Your Ancestors Could Have Met Jean Valjean

I’m currently on a French literature binge. Having recently finished The Count of Monte Cristo, I started Les Misérables a few weeks ago. While both these stories are worth reading (and re-reading), they’re both very long. I read an abridged version of Les Misérables in high school without realizing it was abridged. Who would expect the abridged version to be 500 pages?

And that’s less than half the full book. That Victor Hugo is a rambler.

Reading the two books back to back has taught me quite a bit about France in the nineteenth century, most of which I didn’t know, or had forgotten.

The French Revolution began with the storming of the Bastille, the medieval prison in Paris, on July 14, 1789. This day was followed by the years known as the Reign of Terror.

This part I was familiar with. The guillotine, the mass genocide, and the execution of King Louis XVI and Marie Antoinette are dramatic and bloody.

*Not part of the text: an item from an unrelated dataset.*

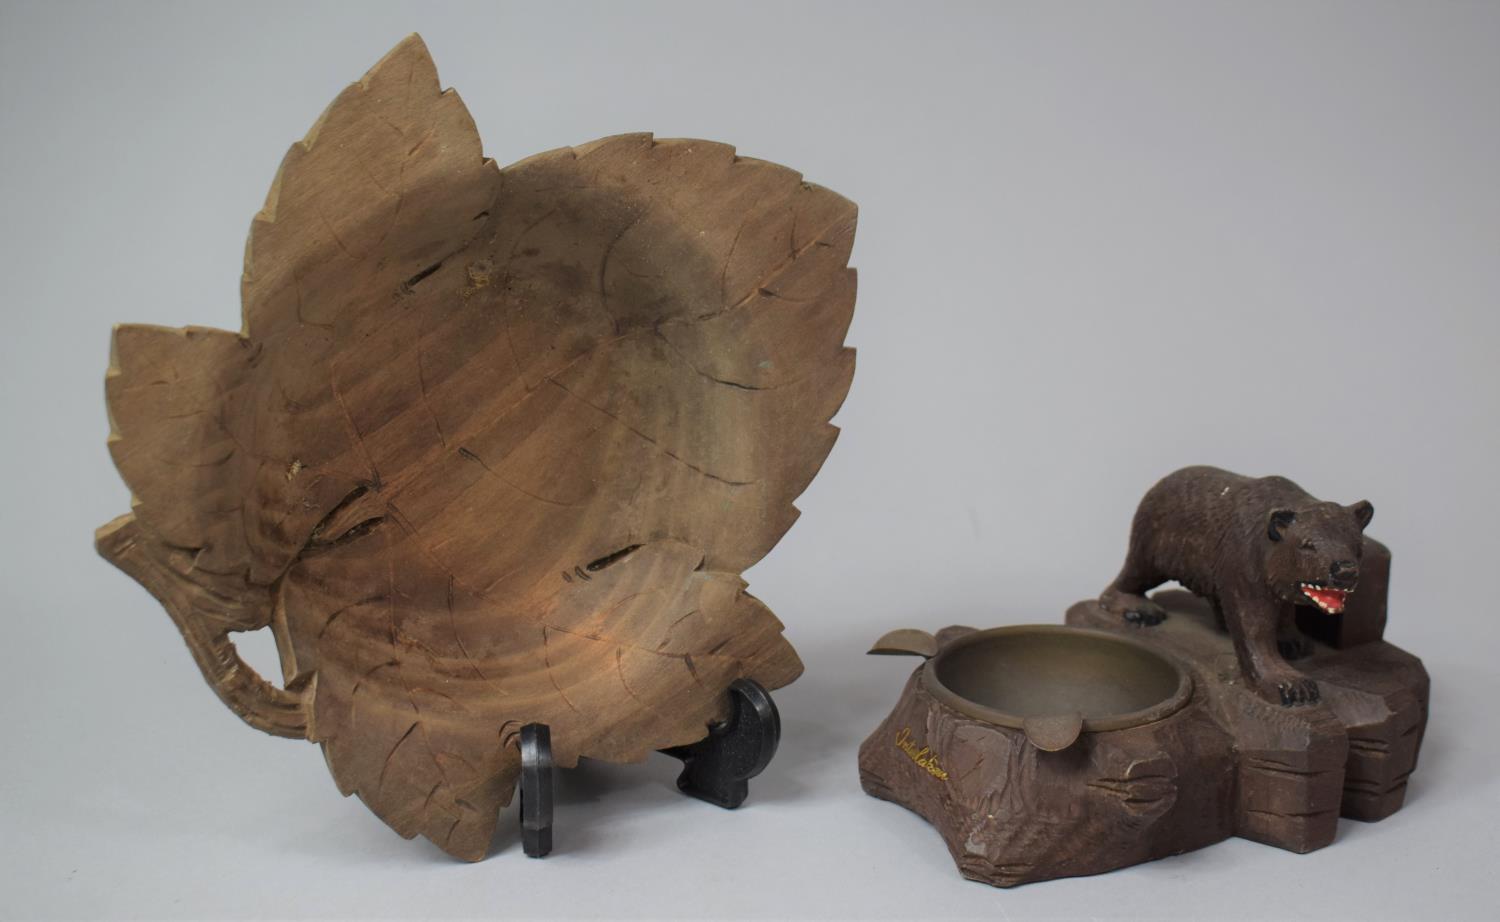 A Black Forest Carved Wooden Novelty Ashtray In the Form of a Bear Together with a Carved Wooden

But I wasn’t as familiar with the period after this, which was rocky for France as well.


By 1804, Napoleon Bonaparte had taken over and declared himself the Emperor—so much for democracy. His reign lasted ten years. In 1814, he was exiled to the Island of Elba, but escaped a year later to make a final attempt at power. He lost the Battle of Waterloo on June 18, 1815, at which point King Louis XVIII permanently resumed the throne.

Please excuse the history lesson. All this interested me because The Count of Monte Cristo and Les Misérables both take place in the years after the king has regained the throne. Even though the monarch isn’t going anywhere, France is still reeling from the political upheaval of the last thirty years, elements which play heavily into the plots of both novels.

This similar time frame interested me so much that I decided to investigate the book timelines more closely. If the fiction world existed, both Jean Valjean and Edmond Dantès would be living out their adventures at the same time. I found this amusing, so I included a few other books in my research as well. Here’s how that timeline would look, if these fictional heroes walked in our world:

In 1769, Jean Valjean of Les Misérables is born. While he is a child, the American colonists are fighting for freedom in the 1770s.

Somewhere around 1780, Mr. Darnay and Lucie Manette of A Tale of Two Cities give birth to their daughter.

guillotine3 Benjamin Franklin dies in 1790. Two years later, during the Reign of Terror, Mr. Darnay comes to France to free a faithful servant. He is imprisoned himself. While he is in prison, Sir Percy Blakeney of The Scarlet Pimpernel is secretly smuggling French nobility out of the city to escape the guillotine. Apparently, he misses Mr. Darnay.

In 1795, Jean Valjean steals a loaf of bread to keep his sister’s children from starving, and goes to prison for it. A year later, in 1796, Edmond Dantès of The Count of Monte Cristo is born.

Over in America, George Washington dies in 1799. By this time, Darnay and Lucie’s daughter is probably married, and Lucie has grown old.

When Abraham Lincoln is a two-year-old toddler, in 1811, Miss Elizabeth Bennett of Pride and Prejudice meets Mr. Darcy. They are married in 1812, while their county is at war with the Americans.

Jean_ValjeanThree years later, Jean Valjean has just been released from 19 years’ worth of prison, and has his fateful encounter with the Bishop Myriel. Meanwhile, Edmond Dantès is sailing into port as a young 19-year-old, ready to become a ship’s captain and the husband of the beautiful Mercedes.

As Jean Valjean’s good fortune rises, Edmond Dantès’ sinks. By the time Dantès emerges from prison in 1829, Jean Valjean and Cosette are safely tucked away at a convent in Paris, and young Marius Pontmercy is learning to become revolutionary.

In 1832, Marius helps with the short-lived revolution in Paris, Jean Valjean saves him from death, and dies himself. Dantès, meanwhile, is biding his time before he takes his vengeance against his enemies in 1838.

In 1845, just seven years later, Scarlett O’Hara of Gone with the Wind is born.

Of course, I could go on an on. There are so many wonderful books from the nineteenth century, and I’ve hardly touched on some of my favorite British characters. Fun to imagine, right?